Chapter 22
我虚度了整个下午的时光,但日落时分发现自己站在了赫拉芬海姆的城墙上。我双肘支在城垛边缘,看着吊桥在夜色中缓缓升起,铁链发出响亮的哗啦声。当我还是个孩子时,哈拉尔德总在我耳边讲述他在南方冒险的故事:那些广袤无垠的城市,高耸入云的塔楼,横跨大江巨河的桥梁;有着铜制穹顶的宫殿,以及从未被攻破的多层环形城墙城堡。但我始终对吊桥最着迷—哨塔里控制起降的机械装置,还有他用来复刻这些结构的设计图纸。纸上用陌生的异国文字写着注释,其中很多语言哈拉尔德都能说。他告诉我南方人会把所有事情记录下来,那些装订成册的纸张填满了整栋建筑,记载着古往今来的一切知识。

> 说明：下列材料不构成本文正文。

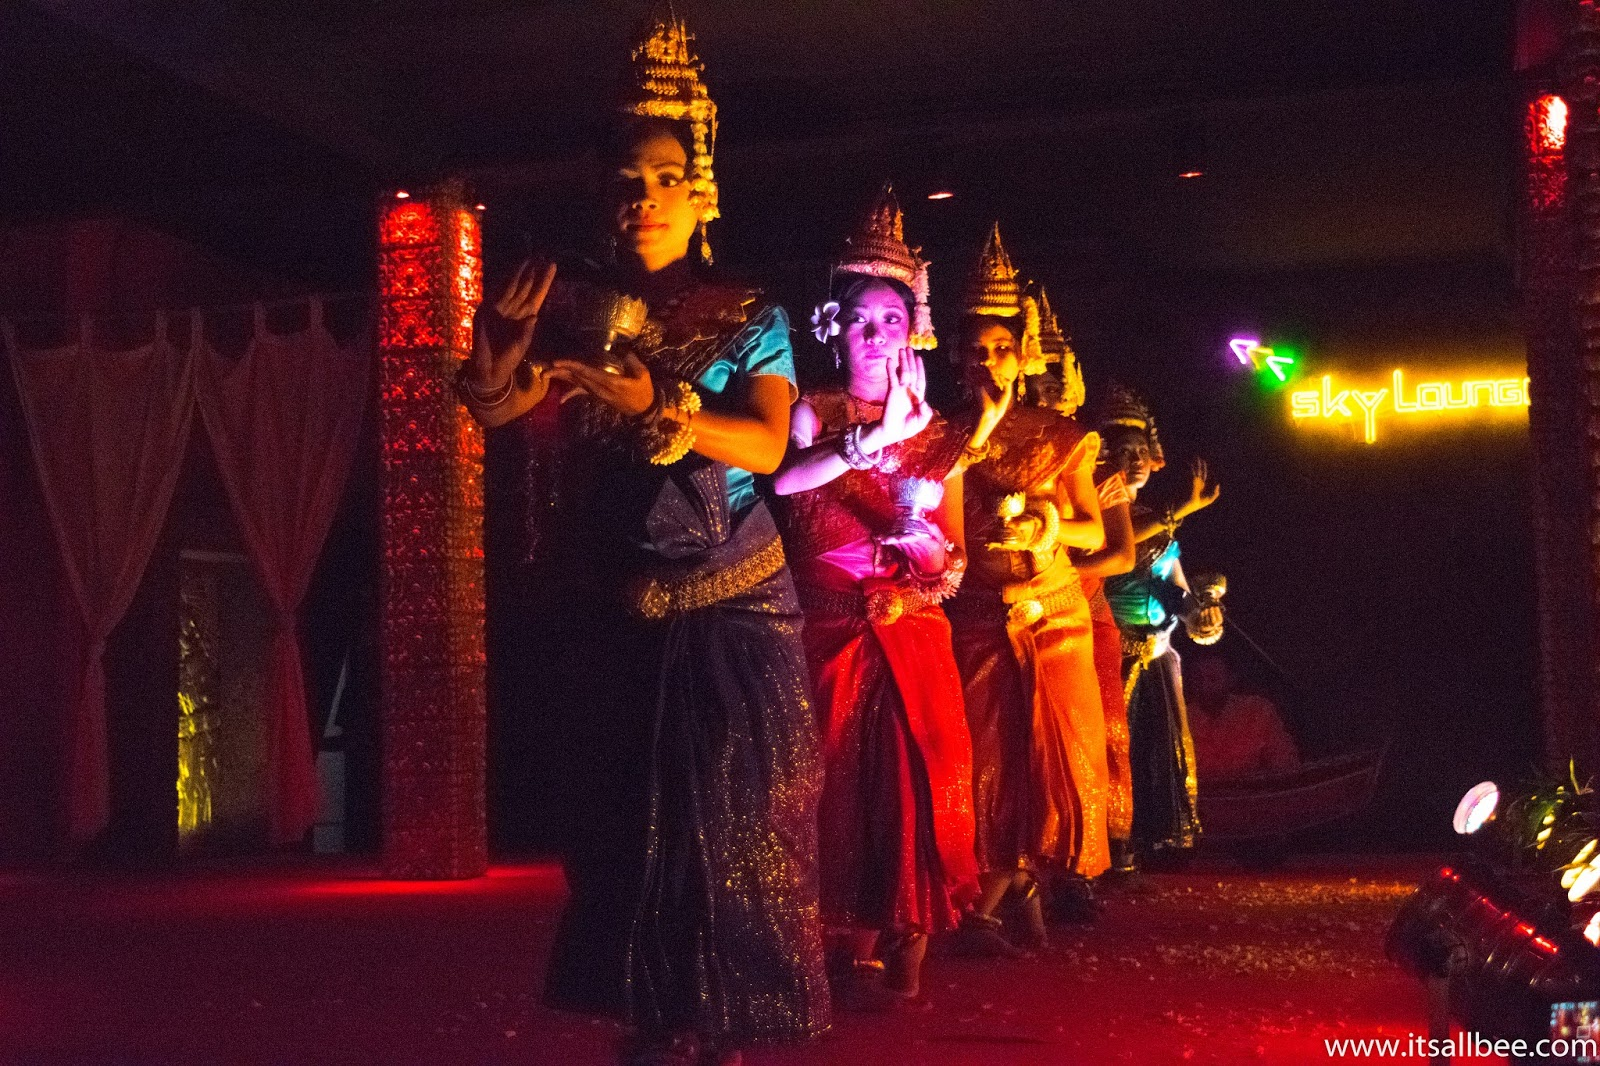 Pub Street Siem Reap | Where To Eat, Sleep, Shop In Siem Reap

将那些可以用言语讲述的内容付诸纸上并锁进房间,这在我看来颇为奇怪,但我仍渴望亲历他故事中的地方。去探索更多关于那些生活在永夏国度的人们,了解他们的语言与习俗。漫步在不同神祇的疆域,见识迥异的魔法。当我在斯卡兰的温泉边将芙蕾雅拥入怀中,感觉万物皆有可能时,我曾梦想带她去故事里的那些地方。她从未获得过远行的机会,这礼物在我看来比珠宝黄金更值得珍视。
那晚我选择滞留未离的决定令我悔恨得想要嘶喊。为何没有当即寻艘商船扬帆远遁,为何不曾带她在传闻中人人皆能主宰自己命运的世界里,筑造远离预言与暴力的生活。
但似乎连超脱命运者也无法逃离宿命的追逐。
吊桥轰然落定,我最后瞥了眼沉落的夕阳,循着乐声步下台阶。赫拉芬海姆从不似他处般沉入黑暗,每处岔路口的灯柱都悬着灯笼。欢声笑语从屋舍间漫溢而出,有人正预备安寝,更多人仍朝着盛宴大厅奔赴。
哈拉尔德钟爱欢宴,我深知他定会端坐高台,凝望子民在永不枯竭的蜜酒中载歌载舞。他厌恶独处,总渴望被人群簇拥,尽管常只是从高台王座上静观。初至诺德兰时我对此无所适从—早已习惯母亲偏爱的幽居,曾问他为何夜夜招来喧嚣。"这正是我解读他们的方式,"他说,"如同吊桥机关:唯有先理解机理,方能运转自如。"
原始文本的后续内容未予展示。